Microsoft ASP.NET, Web and Cloud Preview

This one is really just a roadmap for where .NET is going. Probably most easily explained with the following picture:

20130625_134538 
Some key points:

  • New membership system. Uses Claims based Auth.
  • Bootstrap JS now key part of templates
  • No more crazy project items. One project. Scaffolding support for all flavours of .NET
  • EF has a built in ‘re-connect’ option for cloud based scenarios. I really like this as it aids resiliency.
  • Codename ‘Artery’ (I think) is one of the coolest things I saw. It is built in SignalR technology and essentially when you F5 debug from VS2013 it keeps a lock on the browser (or browsers, including non-IE ones) you open. If you update your project HTML and save, every single connected browser is automatically refreshed! Even cooler however is the news that in future updates, if you use for example, Chrome tools to update your HTML, they can push that change back from the browser to VS. Very cool.
  • VS2013’s HTML Editor will be updated as well. JS will be a first class citizen and you’ll be able to jump to functions and do the cool editor tricks that the likes of sublime or notepad++ give you (like updating specific sections of divs/lists etc without affecting anything else)

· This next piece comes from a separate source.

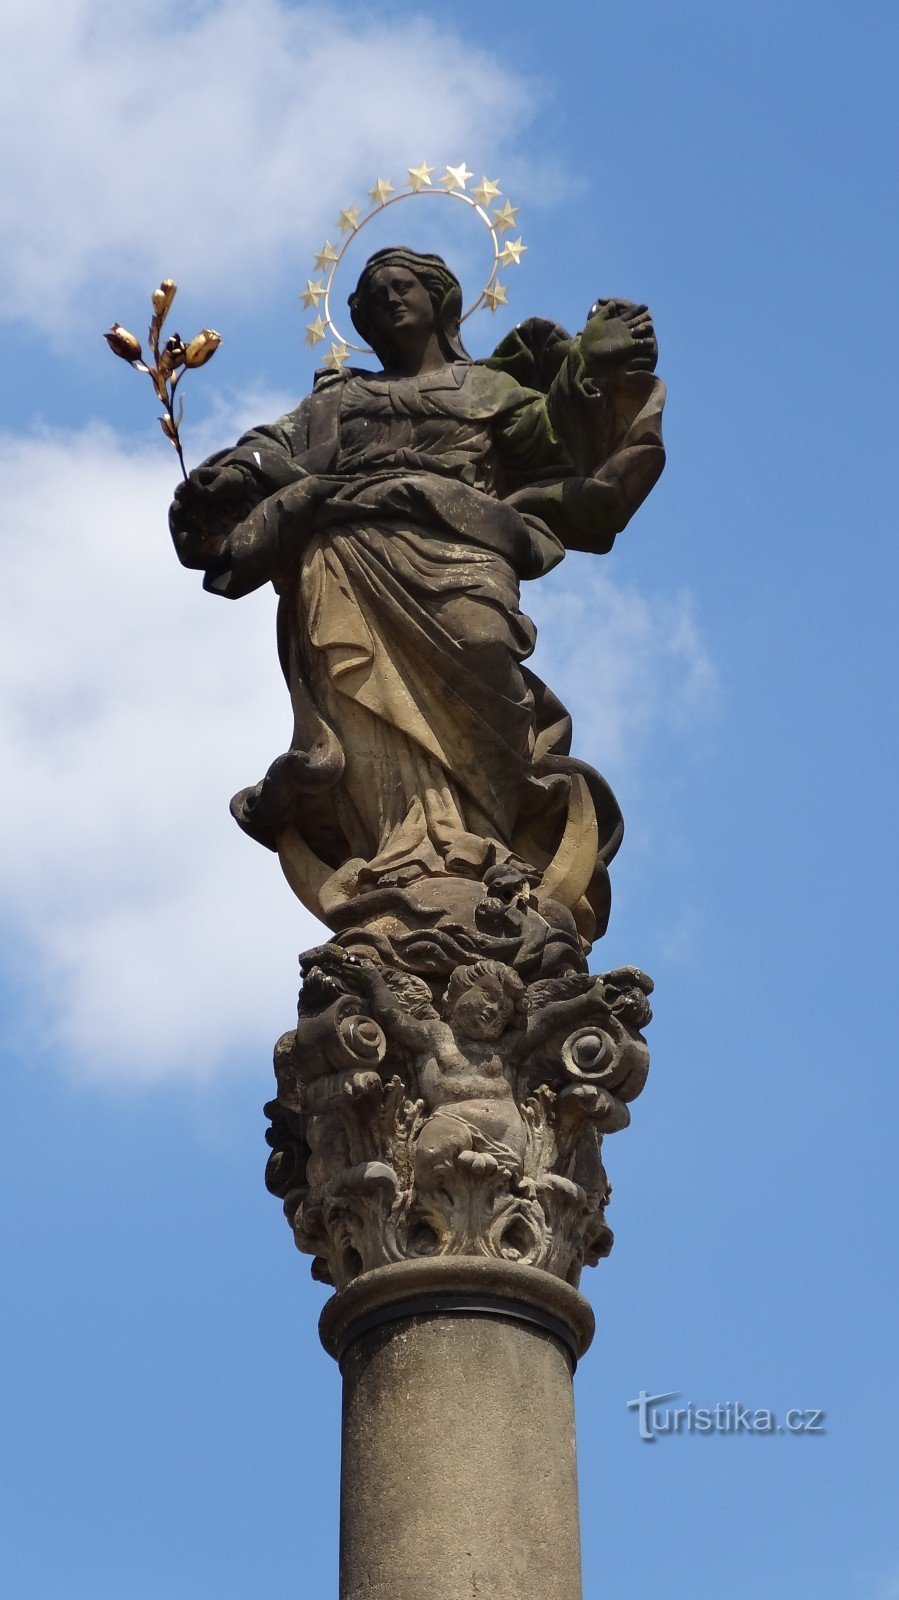 Статуя на вершине колонны

Introduction to Azure Active Directory (AAD)

I’ve played about with this in the past and wanted to see if there’d been any developments to it.  It’s being pitched as IDAAS (Identify as a Service). If you have Office 365, you already have AAD. Some of the key things to take away from this session is that MS already have 3 MILLION tenants on AAD and handled 7 BILLION authentications this week alone. Looks like its a tried and trusted technology.

What I found interesting is that MS recently acquired PhoneFactor and this has made it’s way into Azure Active Directory. No view as yet whether this is a free service or whether 2FA will have it’s own cost. I suspect the latter.

20130625_155649 
Advanced Debugging of ASP.NET Apps using VS2012

I finished off the day with this session on debugging. Interesting enough but I have to be honest and say I bailed when he started talking about breakpoints. That, and due to the fact that I hadn’t eaten anything due to feeling so grim the night before. On the mend now and gearing up for more TechEd tomorrow! One of the bonuses is that I just bought a MS Surface RT for £69; reduced from £459. Bonus for attendees!